Provided material:
**********

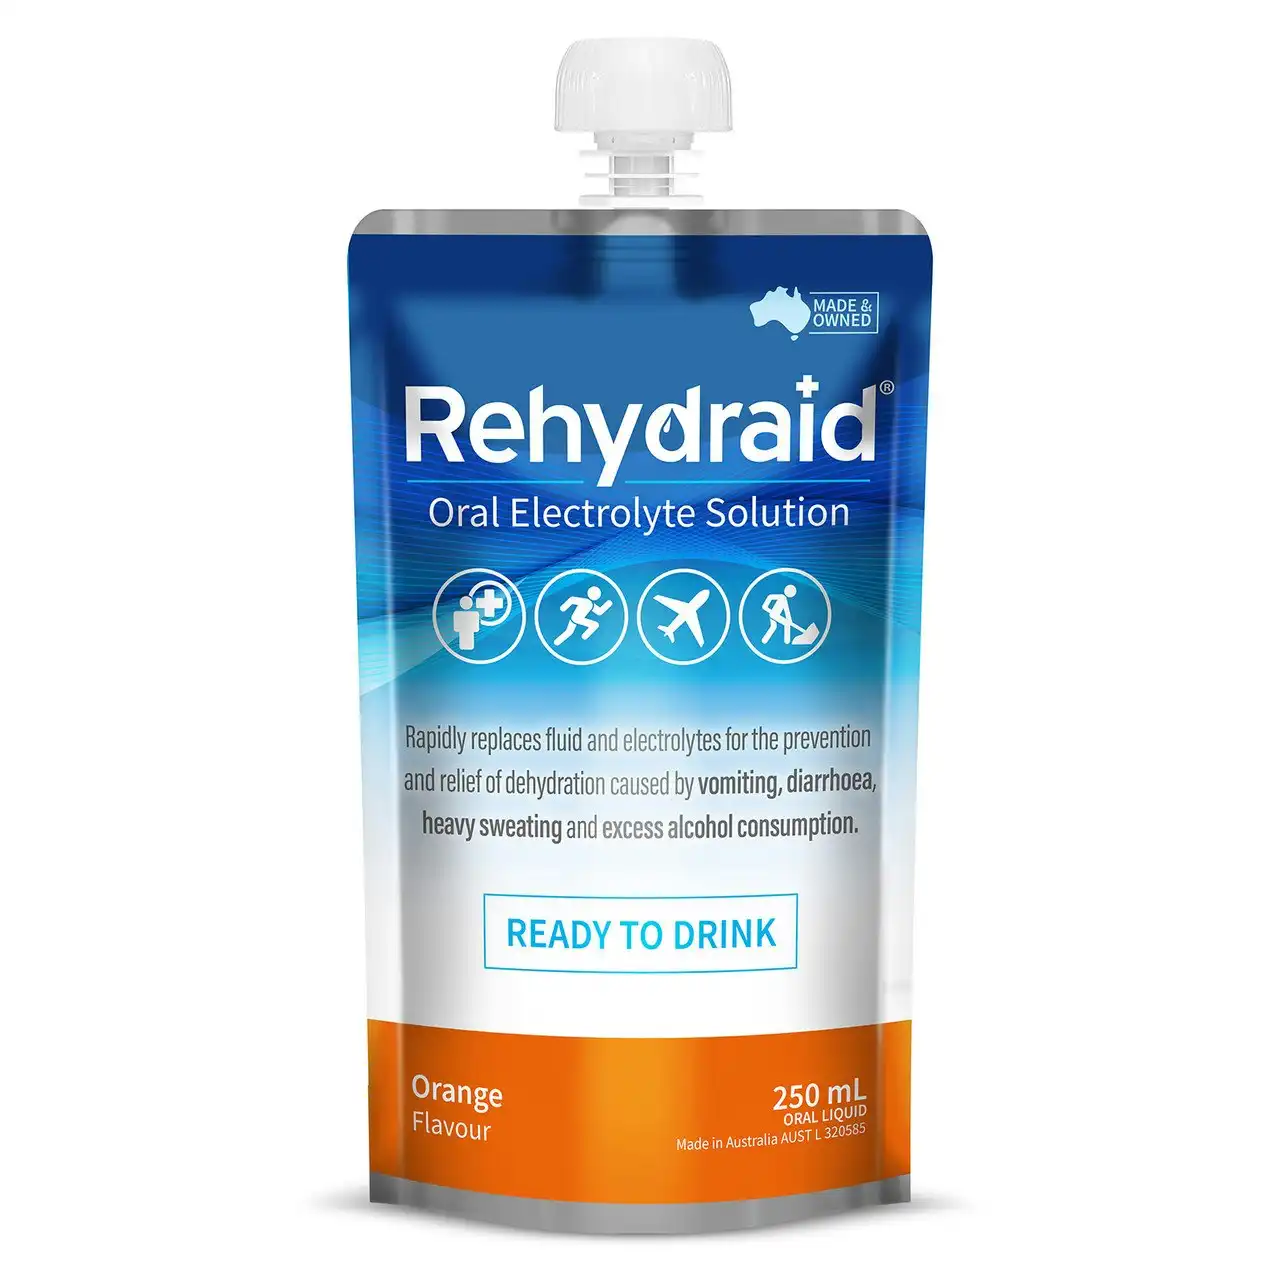 Rehydraid Oral Electrolyte Solution Orange Flavour 250ml
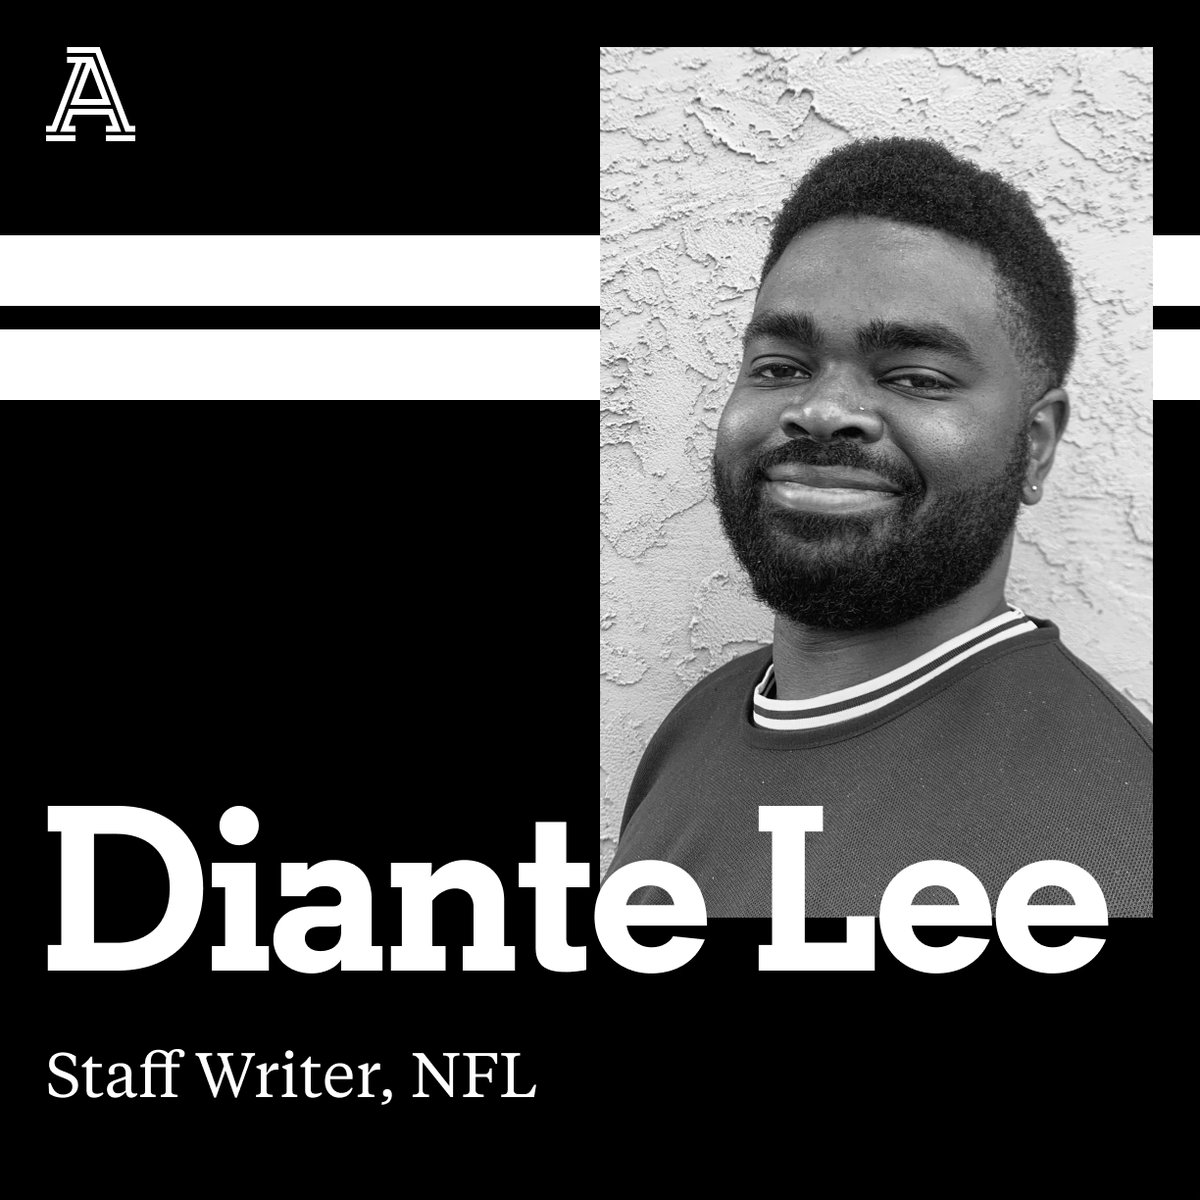 Diante Lee on Twitter: 
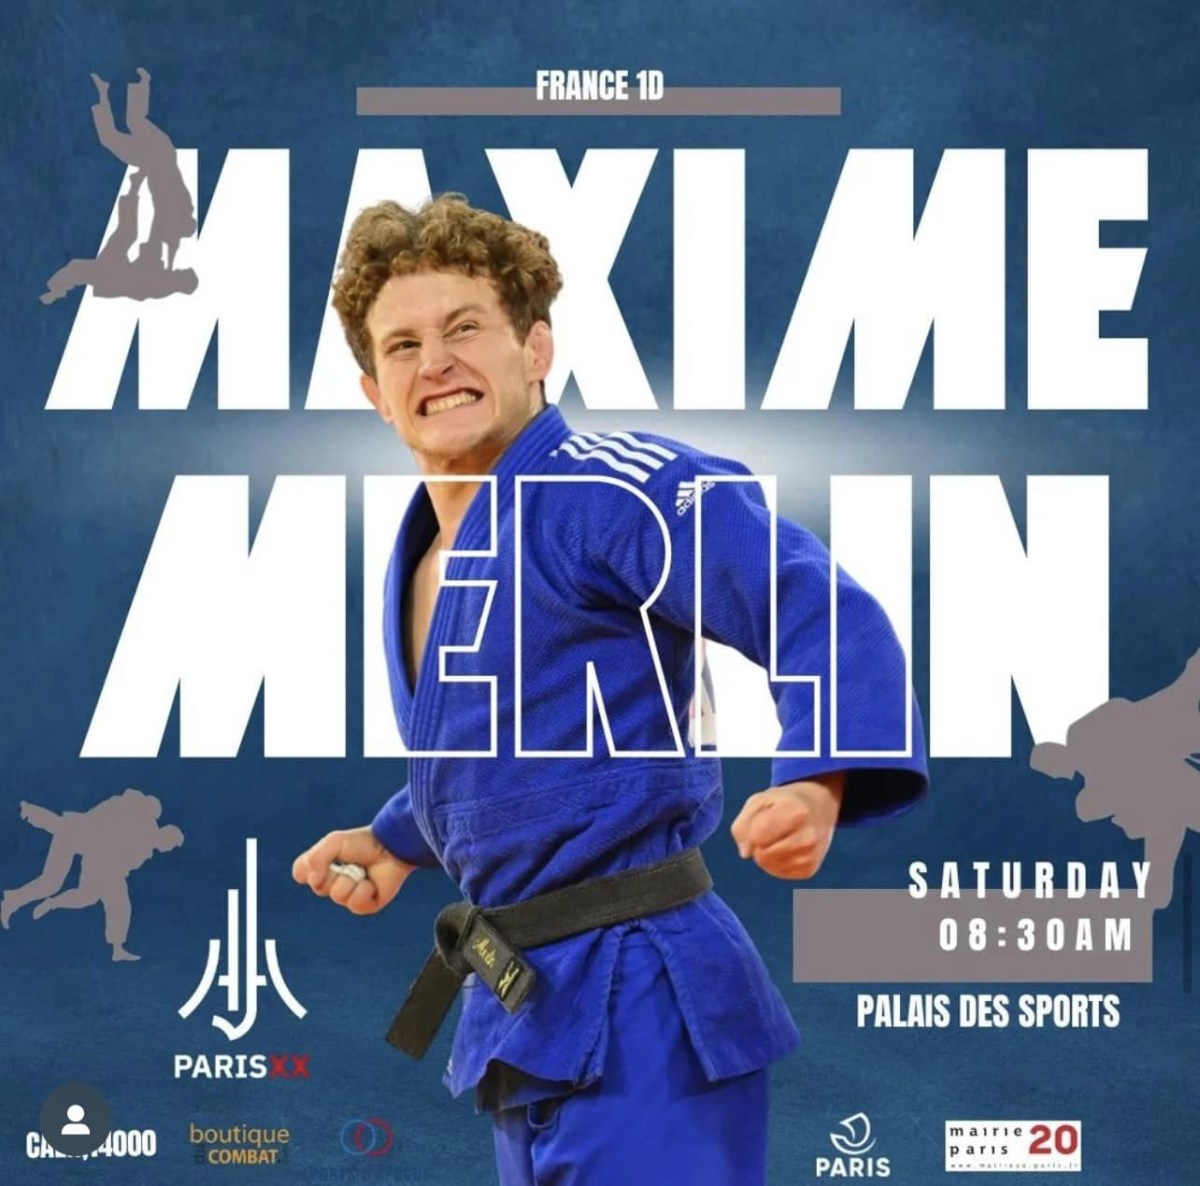 Maxime Merlin

**********

Problem description: Please retype the material above exactly, and omit its images.

Response to the exercise:
 Rehydraid Oral Electrolyte Solution Orange Flavour 250ml
 Diante Lee on Twitter: 
 Maxime Merlin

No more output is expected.